*TASK OBJECTIVE:*
Of the lines in the data below, write out exactly those from the one holding "Ce merveilleux vase" through the one holding "Dimensions : hauteur", both included.

*SUPPLIED MATERIAL:*
+++

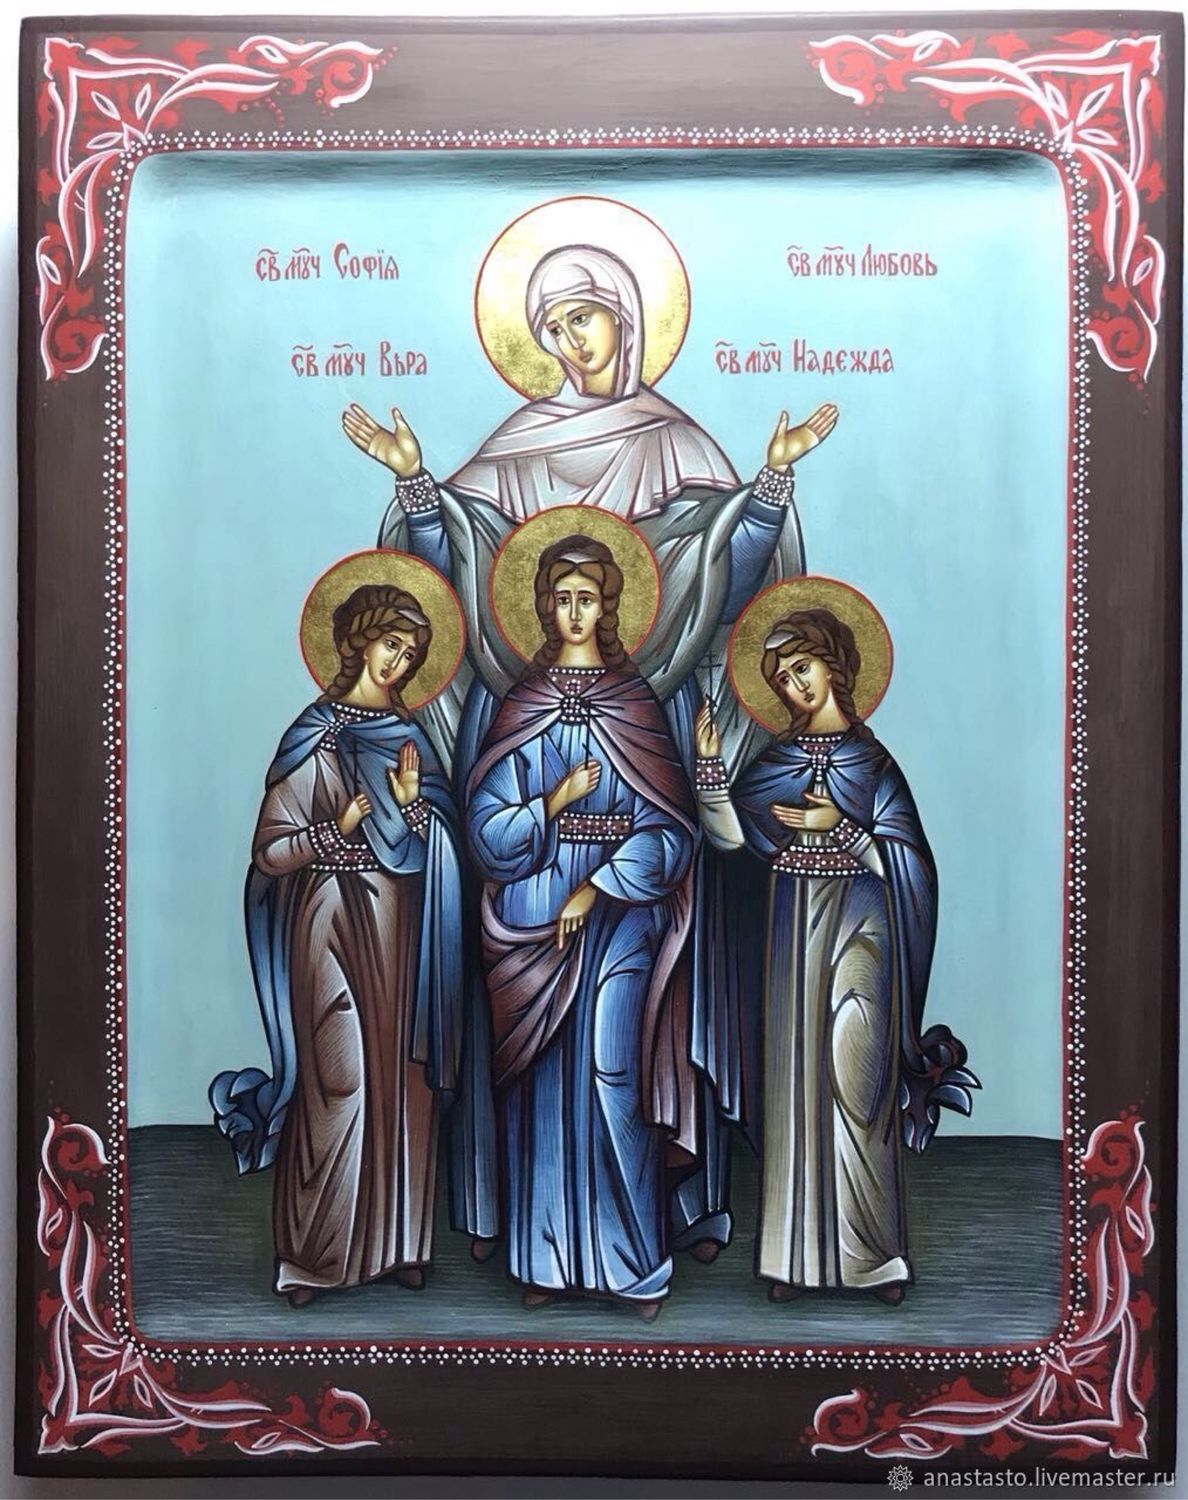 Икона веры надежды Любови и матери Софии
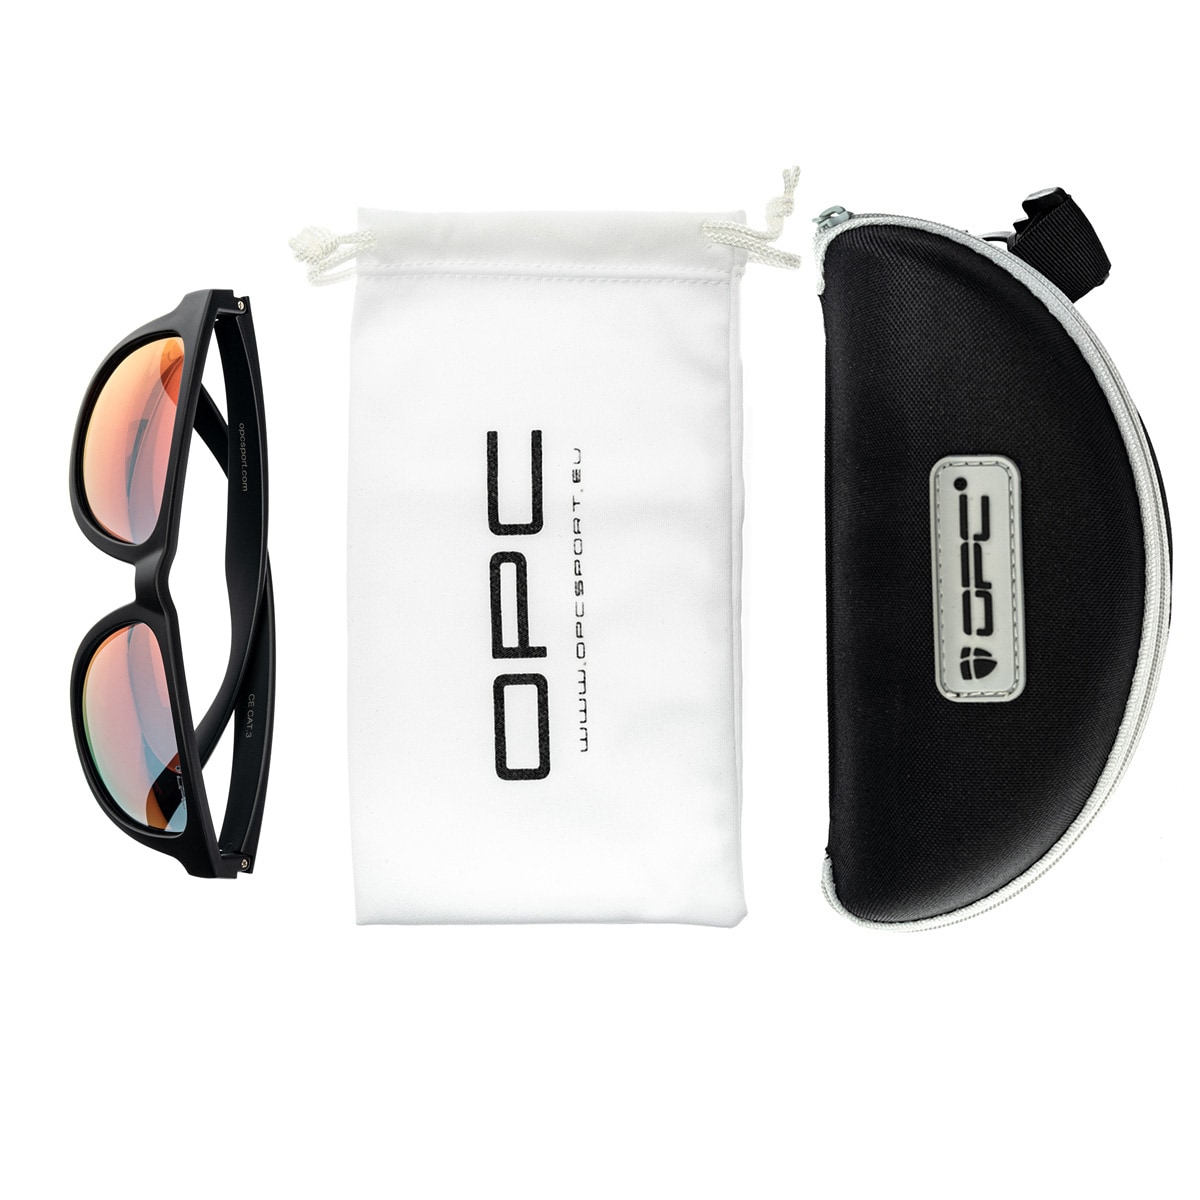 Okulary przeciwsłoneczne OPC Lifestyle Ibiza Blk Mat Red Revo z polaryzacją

+++

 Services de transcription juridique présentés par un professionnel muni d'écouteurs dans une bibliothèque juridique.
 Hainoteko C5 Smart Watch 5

+++

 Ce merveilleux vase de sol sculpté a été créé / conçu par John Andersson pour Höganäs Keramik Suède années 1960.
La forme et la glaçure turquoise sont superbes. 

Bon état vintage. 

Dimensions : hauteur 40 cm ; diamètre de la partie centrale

+++

*EXPECTED ANSWER:*
 Ce merveilleux vase de sol sculpté a été créé / conçu par John Andersson pour Höganäs Keramik Suède années 1960.
La forme et la glaçure turquoise sont superbes. 

Bon état vintage. 

Dimensions : hauteur 40 cm ; diamètre de la partie centrale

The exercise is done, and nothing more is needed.